James Cargill hasn’t provided much biographical detail about the demos he has released on Trish’s birthday and — on the whole — they don’t need it. But it would be fascinating to know more about this 40-second demo, which he posted to Soundcloud 12 years ago. iI features Trish singing, unaccompanied and slightly out of breath, a winding folky melody that, as far as I know it, has nothing to do with Broadcast and the Focus Group’s 2010 song The Song Before. It could, perhaps, be a very young Trish — there is a certain very charming naivety to the melody — but it is impossible to say. Whatever the case, the song is entirely self contained and totally endearing, a melody that seems to float in and away on the cool breeze of a sunny day.

Trish reads Jabberwocky

The second oldest demo is this distorted two-minute recording of Trish reading Lewis Carrol’s Jabberwocky, a nonsense poem from Alice Through The Looking Glass. Keenan’s love of Alice in Wonderland was well known — Cargill even named his post-Broadcast project Children Of Alice in recognition of this — so the reading matter isn’t a revelation. But Keenan reads the poem with all the enthusiastic drama of a true devotee and it is heart-warming to hear her Birmingham accent — almost entirely absent when she sang — come peaking through.

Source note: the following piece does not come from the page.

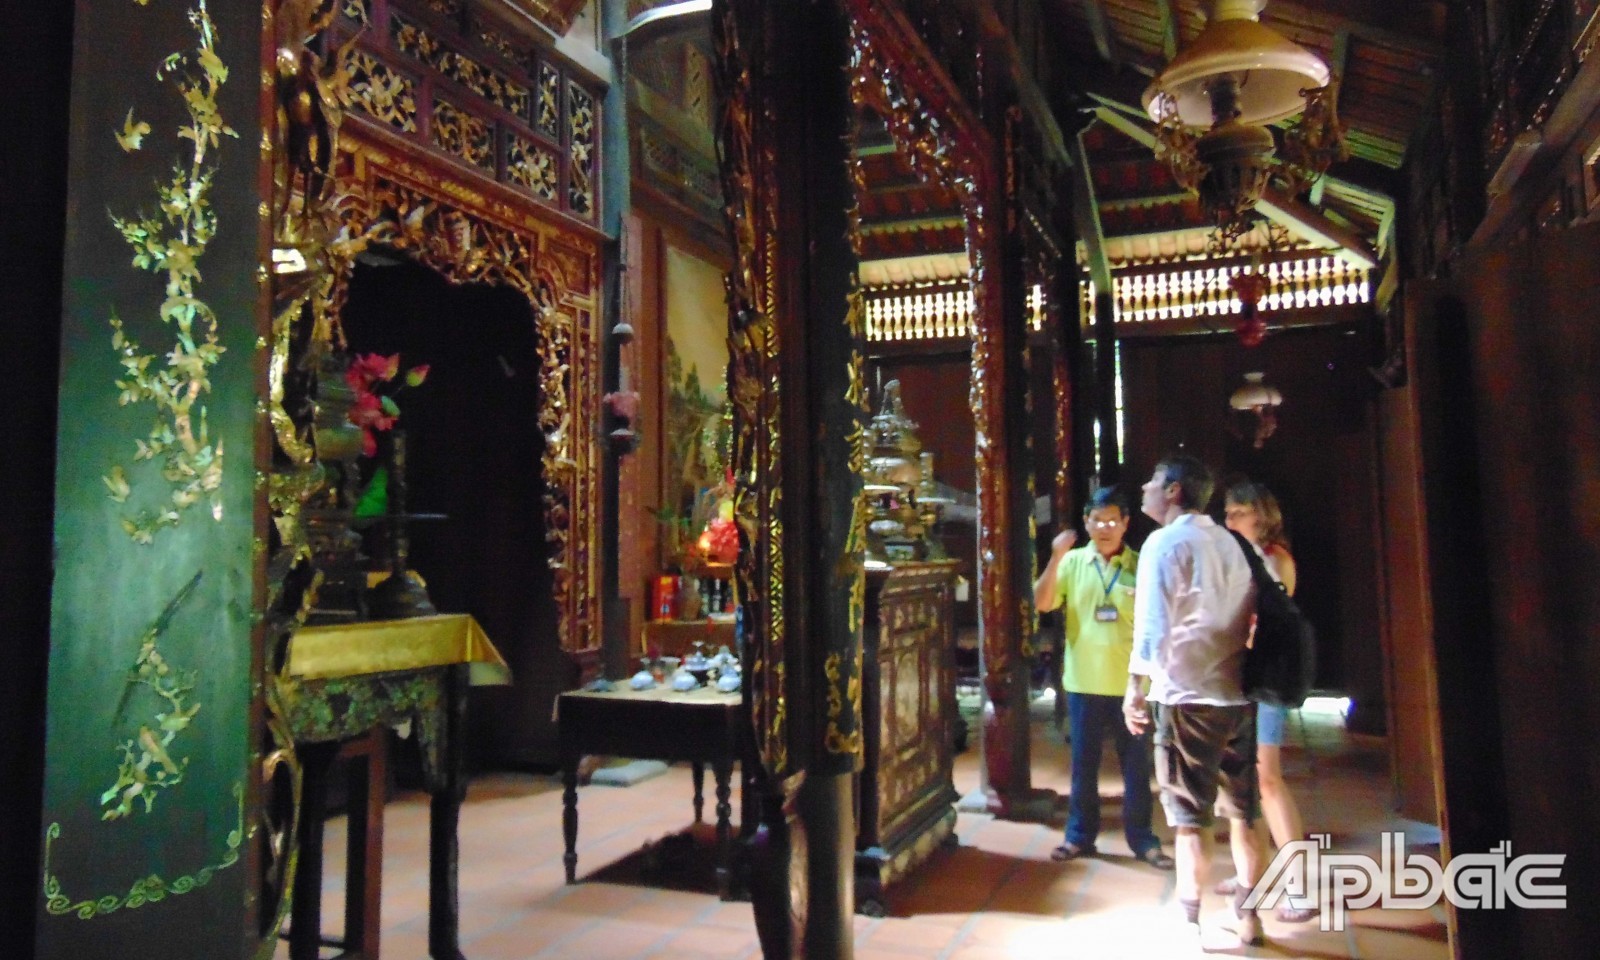 Bên trong nhà cổ của ông Kiệt, các hoa văn chạm khắc trên các bộ kèo, cột, xiên và vách rất công phu theo kiểu nhà xưa của Nam bộ, luôn gây sự chú ý đối với du khách, nhất là khách nước ngoài.

Tears In The Typing Pool (demo 2004)

Tears in the Typing Pool, from Tender Buttons, is — perhaps surprisingly — Broadcast’s second most popular song on Spotify. The version of the song on that album is a sparse beast but this scratchy demo strips it back even further, to just Keenan, scanty guitar chords and the slightest suggestion of backing vocals and keyboard melody. It feels so incredibly intimate, I think I might prefer it.

Goodbye Girls (demo 2004)

The demo version of Goodbye Girls, another Tender Buttons track, was released on September 28 2014, the same day as the Tears In The Typing Pool demo, and it offers a similar experience, stripping the song back to its roots without fundamentally changing its nature. Goodbye Girls is probably one of Keenan’s most person songs. When I interviewed her in 2005 she said of the song, “I imagine what it’s like to be a prostitute, what you have to turn off inside to do it. To a certain degree it’s a description of my mum. She has a blankness to her some times. There’s reasons she ended up as a prostitute.”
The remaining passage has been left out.